Millions of people WITH insurance who voted for you, including folks on Obamacare, CAN’T USE IT because of deductibles! Insurers can charge families up to $7,200 before they’ll pay a dime. It keeps going up. Every. Single. Year.


No wonder more and more Americans with insurance are turning to GoFundMe or bankruptcy court. It’s not just the premiums you gotta worry about, Joe. Deductibles are eating us alive. You and Congress need to pay attention before NO Americans can meet their deductibles.

 

A $10,322 Tab For A Sleep Apnea Study Is Enough To Wreck One Patient's Rest 

by Michelle Andrews - Kaiser Health News - May 27, 2021

José Mendoza's snoring was bad — but the silence when he stopped breathing was even worse for his wife, Nancy. The sudden quiet would wake her and she waited anxiously for him to take another breath. If too many seconds ticked by, she pushed him hard so that he moved and started breathing again. This happened several times a week.

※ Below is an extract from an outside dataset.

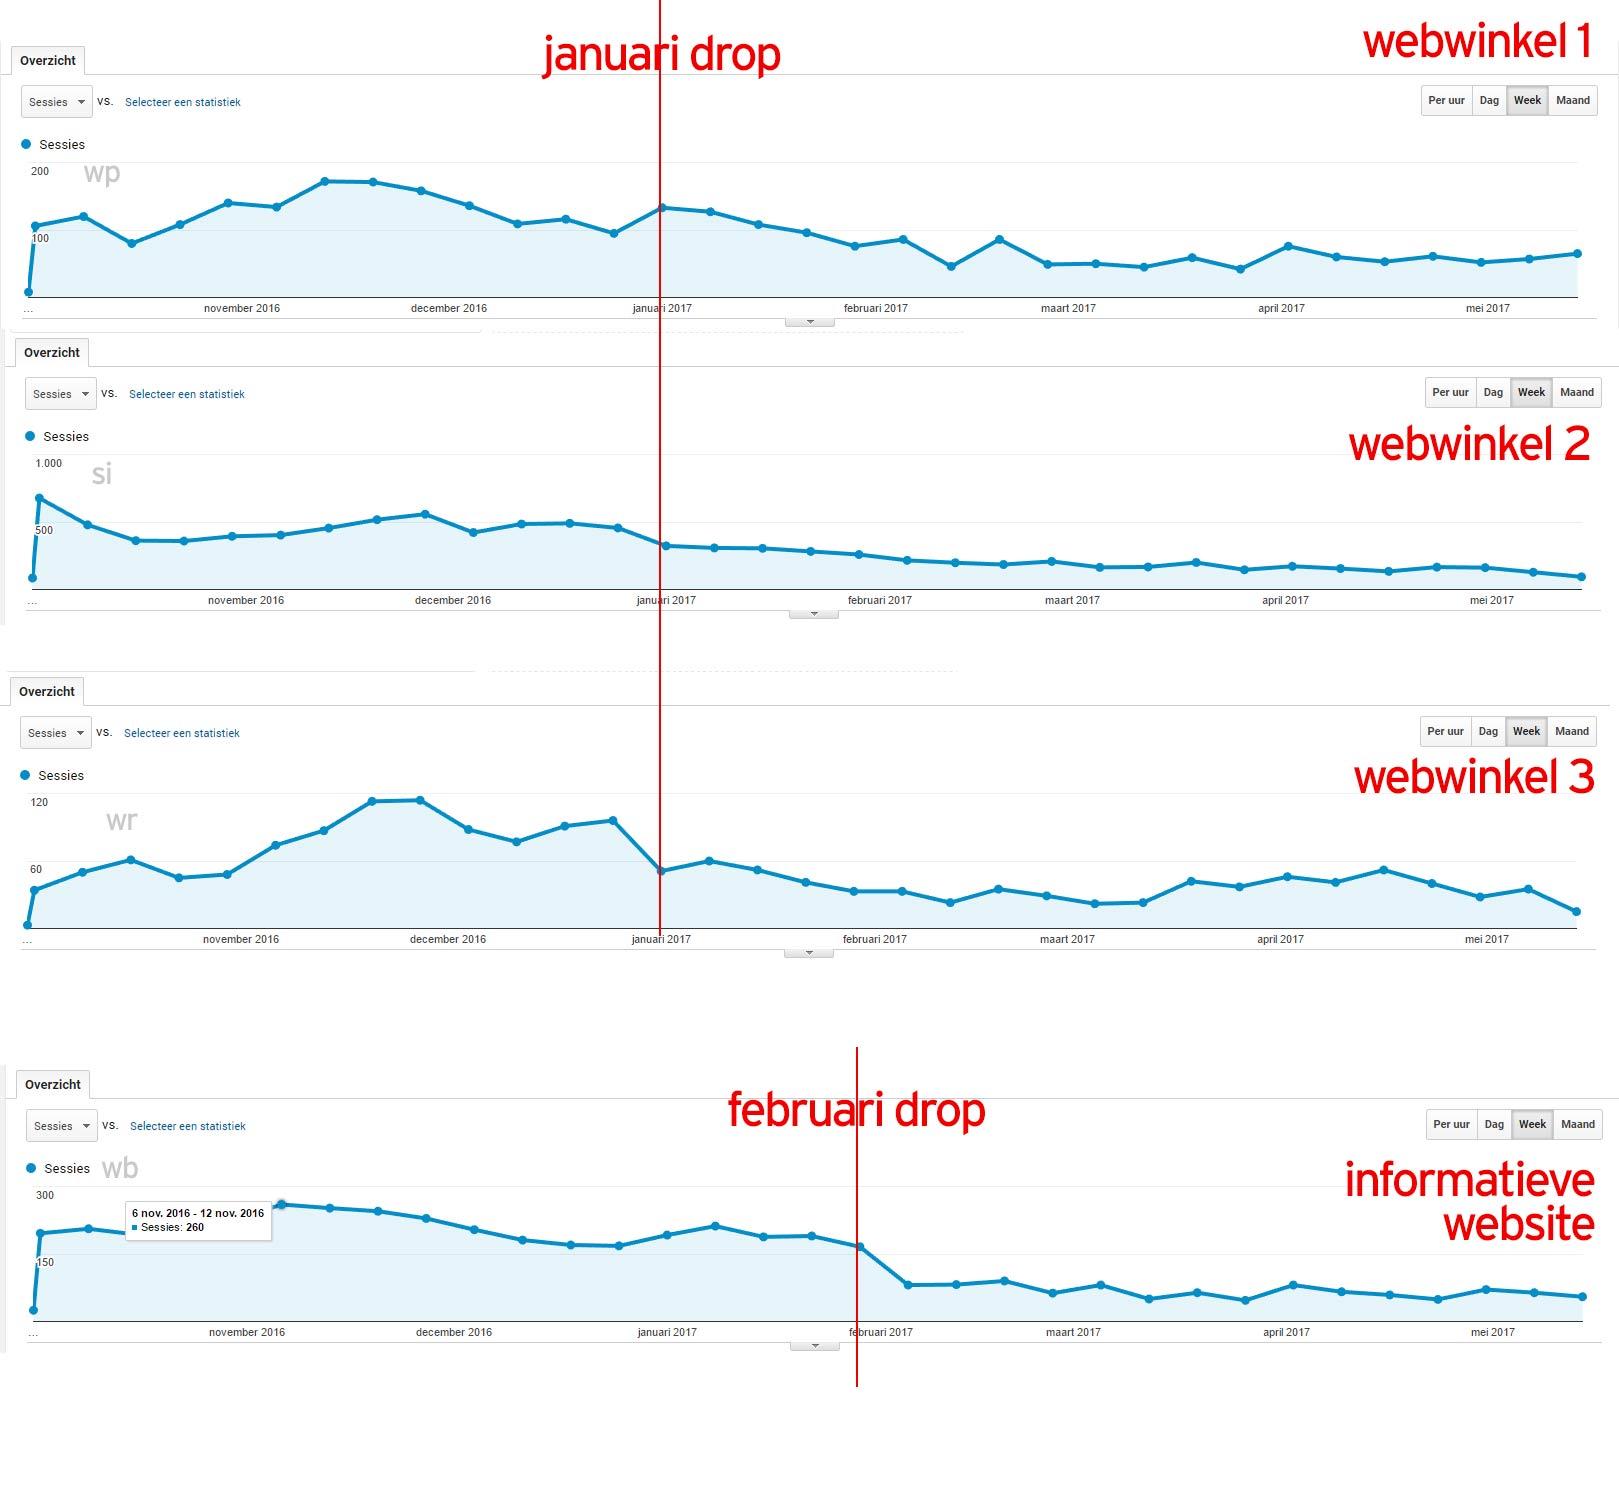 Sinds 1 Januari bij vele websites dalingen?-untitled-jpg

Diagnosed with severe sleep apnea 15 years ago, Mendoza was prescribed a continuous positive airway pressure, or CPAP, device to help him breathe easier. But the machine was noisy and uncomfortable. After a month, he stopped using it.

Late in 2019, Mendoza, 61, went to an emergency department near the family's Miami home with an excruciating headache. He thought it was related to his high blood pressure, a condition sometimes linked to obstructive sleep apnea. But after a battery of tests, clinicians concluded his obstructive sleep apnea itself was likely causing his headache and cardiac problems. He needed a new CPAP machine, they said.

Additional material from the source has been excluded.